Work through the listing below and give again exactly the lines from the one with "Brake pads: organic, semi-metallic" to the one with "zorki-6-rangefinder-camera-bnv", both ends included. All other lines and all pictures stay out.

═════ Given data

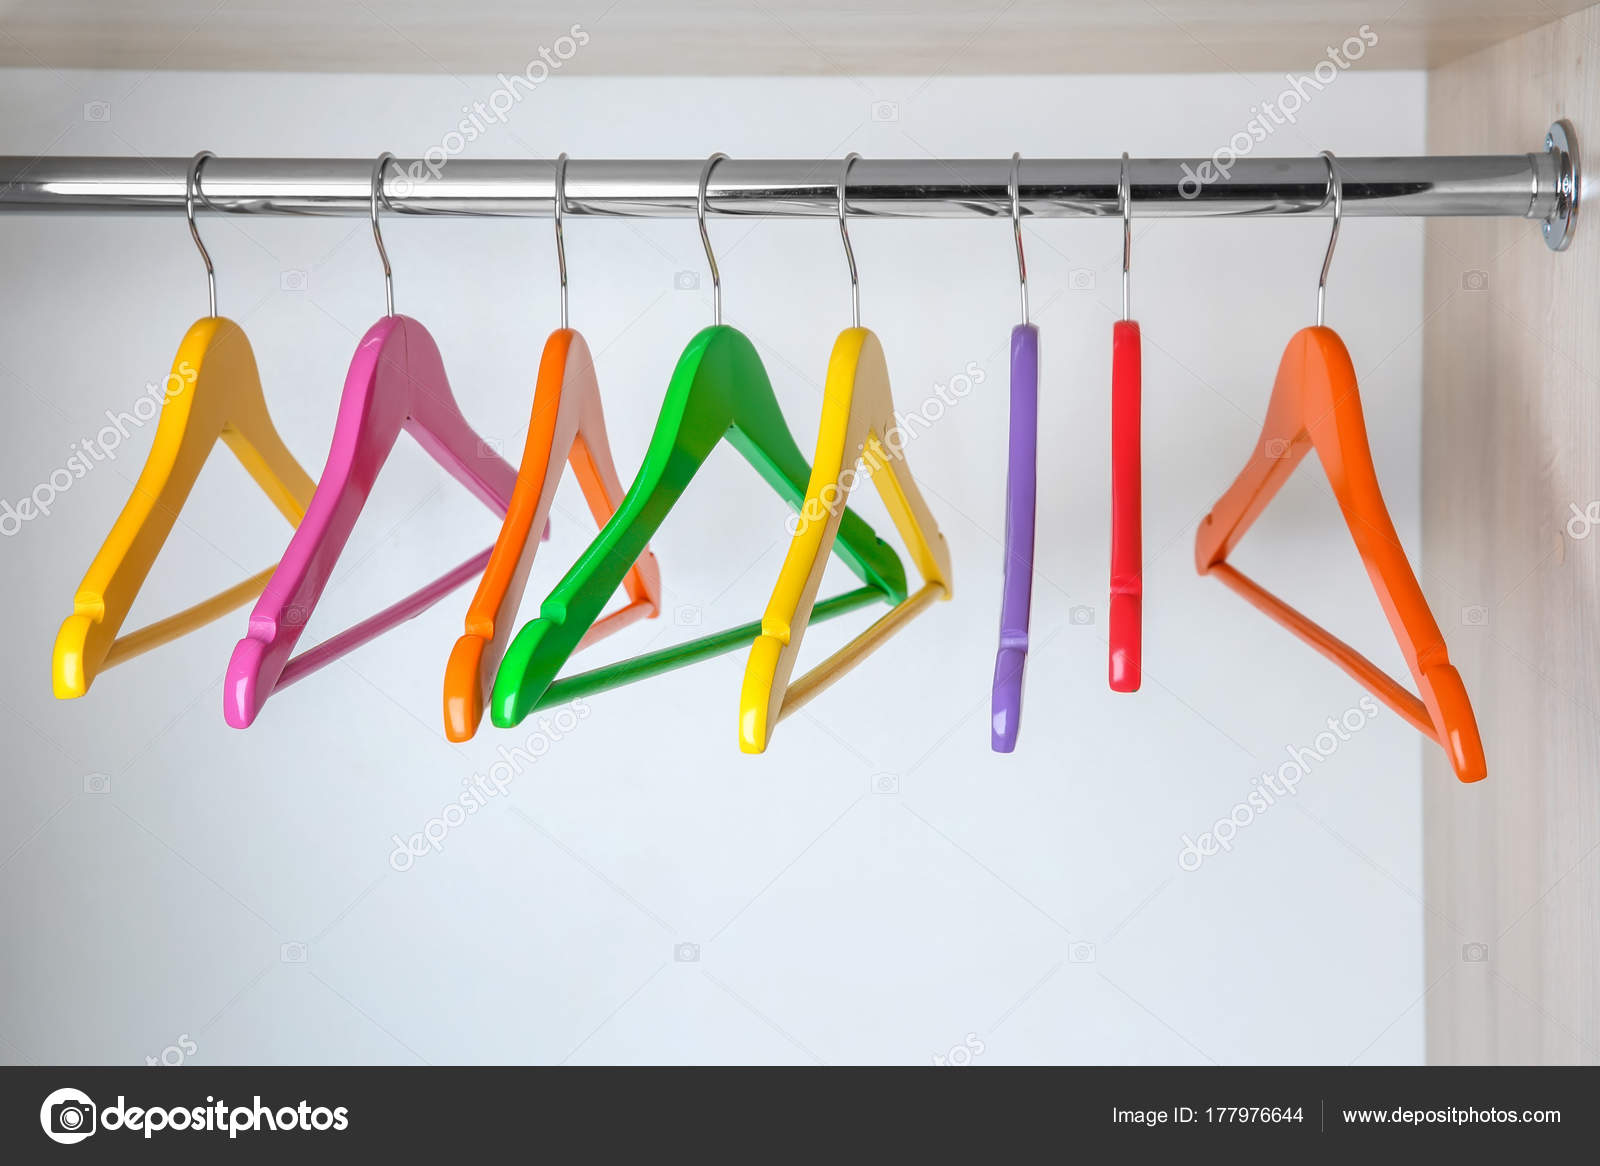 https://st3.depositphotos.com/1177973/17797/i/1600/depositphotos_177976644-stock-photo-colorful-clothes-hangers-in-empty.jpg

══════════
═════ Given data

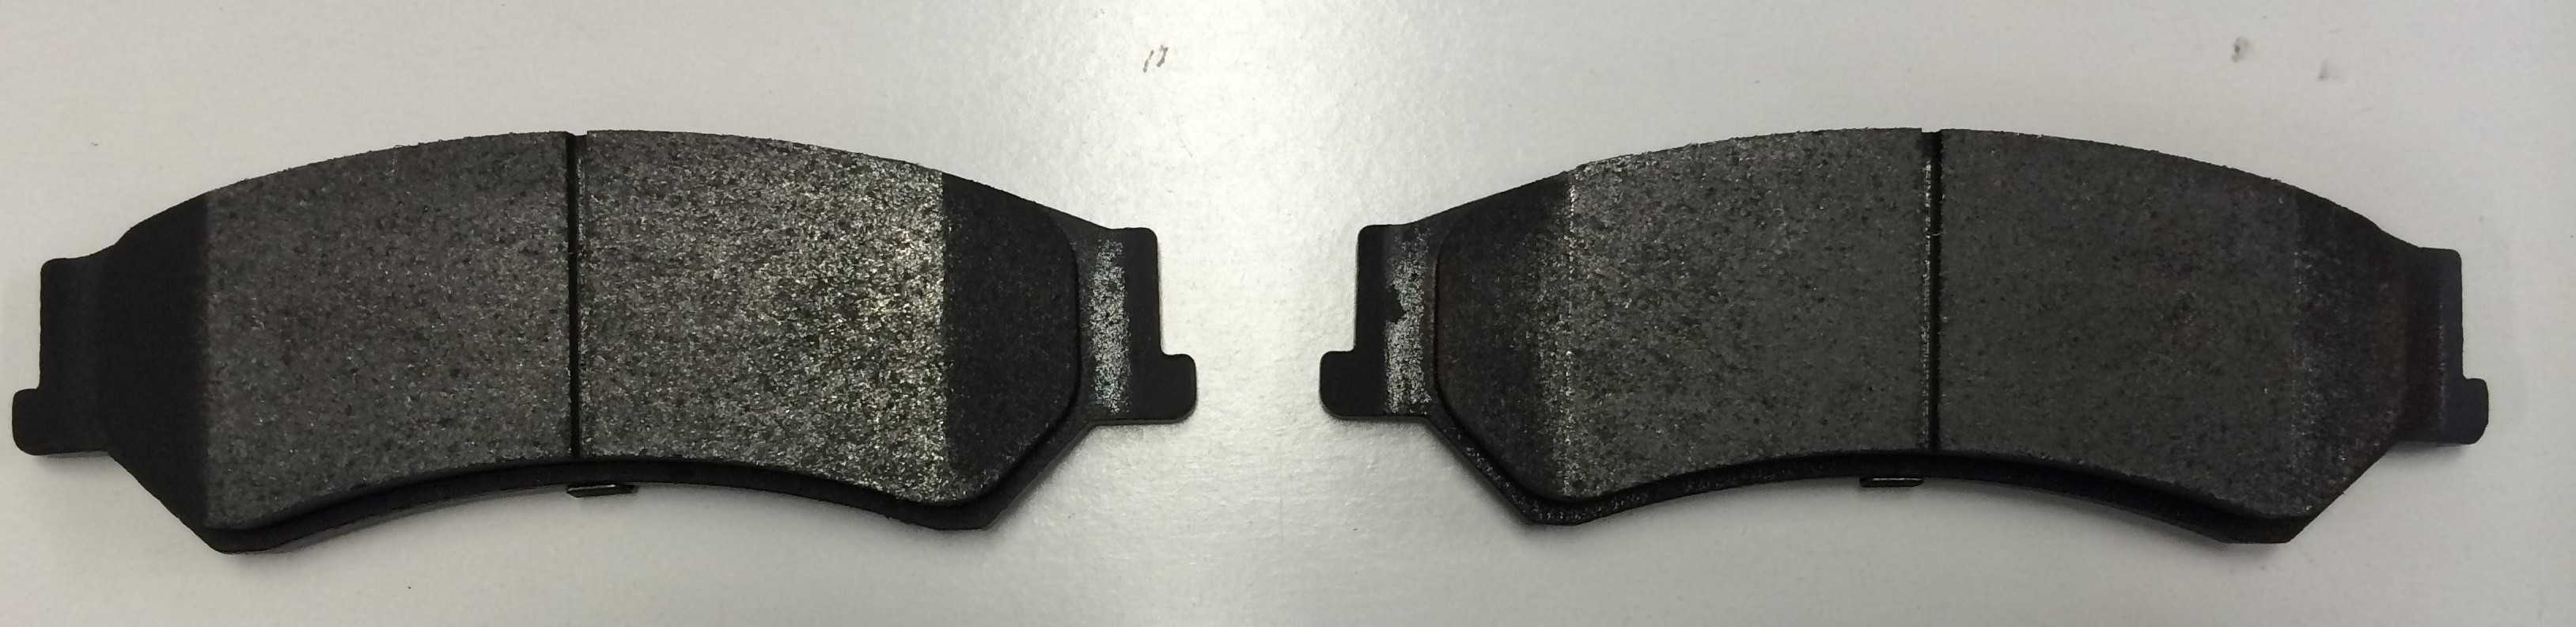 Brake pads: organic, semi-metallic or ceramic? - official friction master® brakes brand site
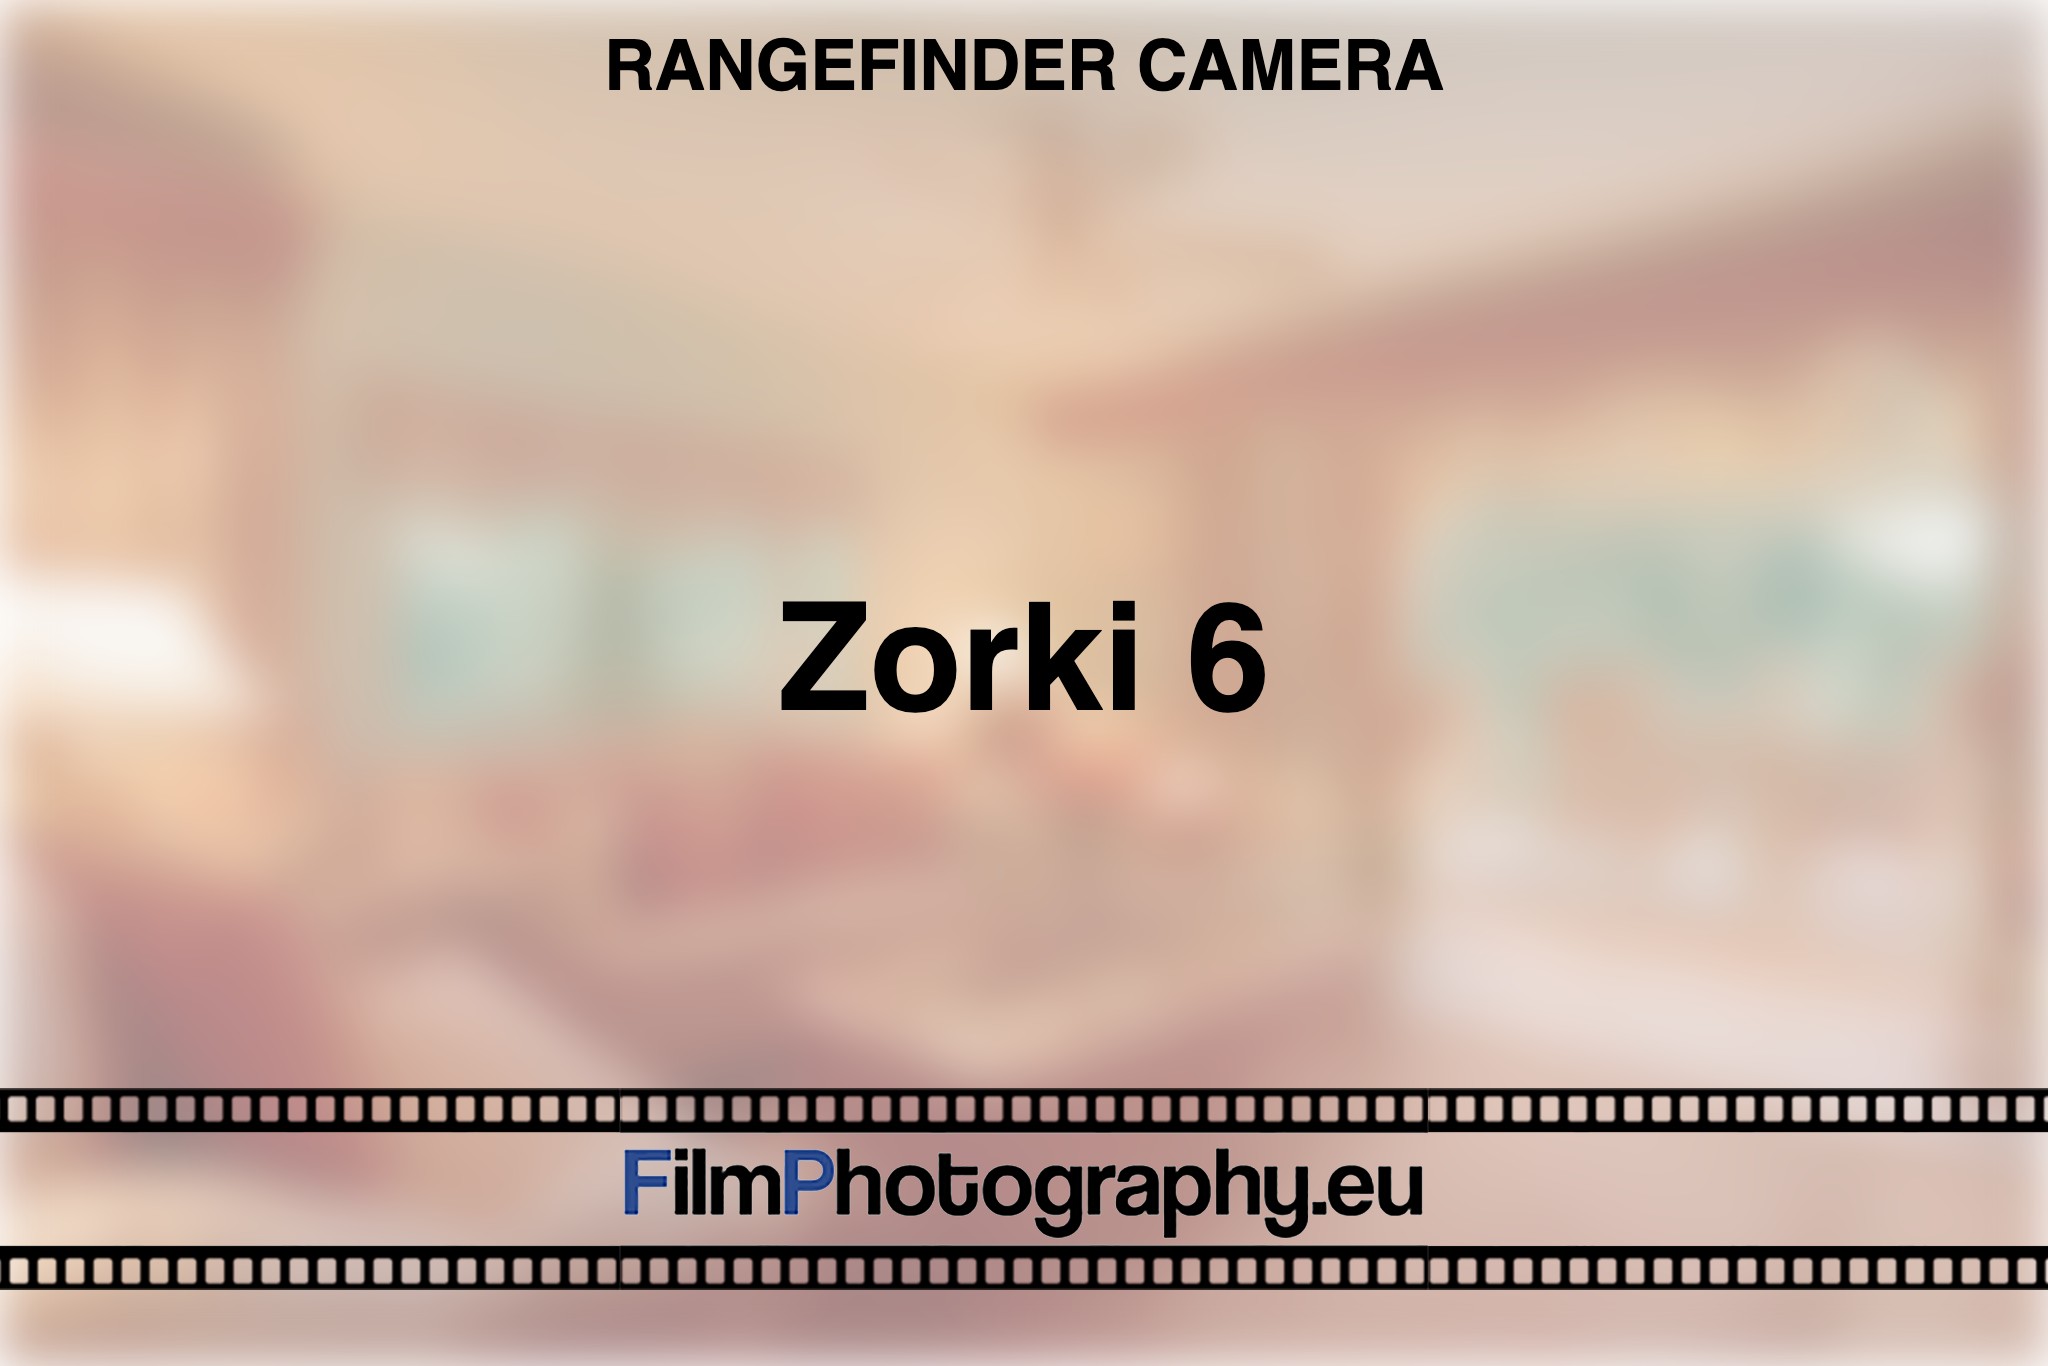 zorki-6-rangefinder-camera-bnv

══════════

#### Finished exercise:
 Brake pads: organic, semi-metallic or ceramic? - official friction master® brakes brand site
 zorki-6-rangefinder-camera-bnv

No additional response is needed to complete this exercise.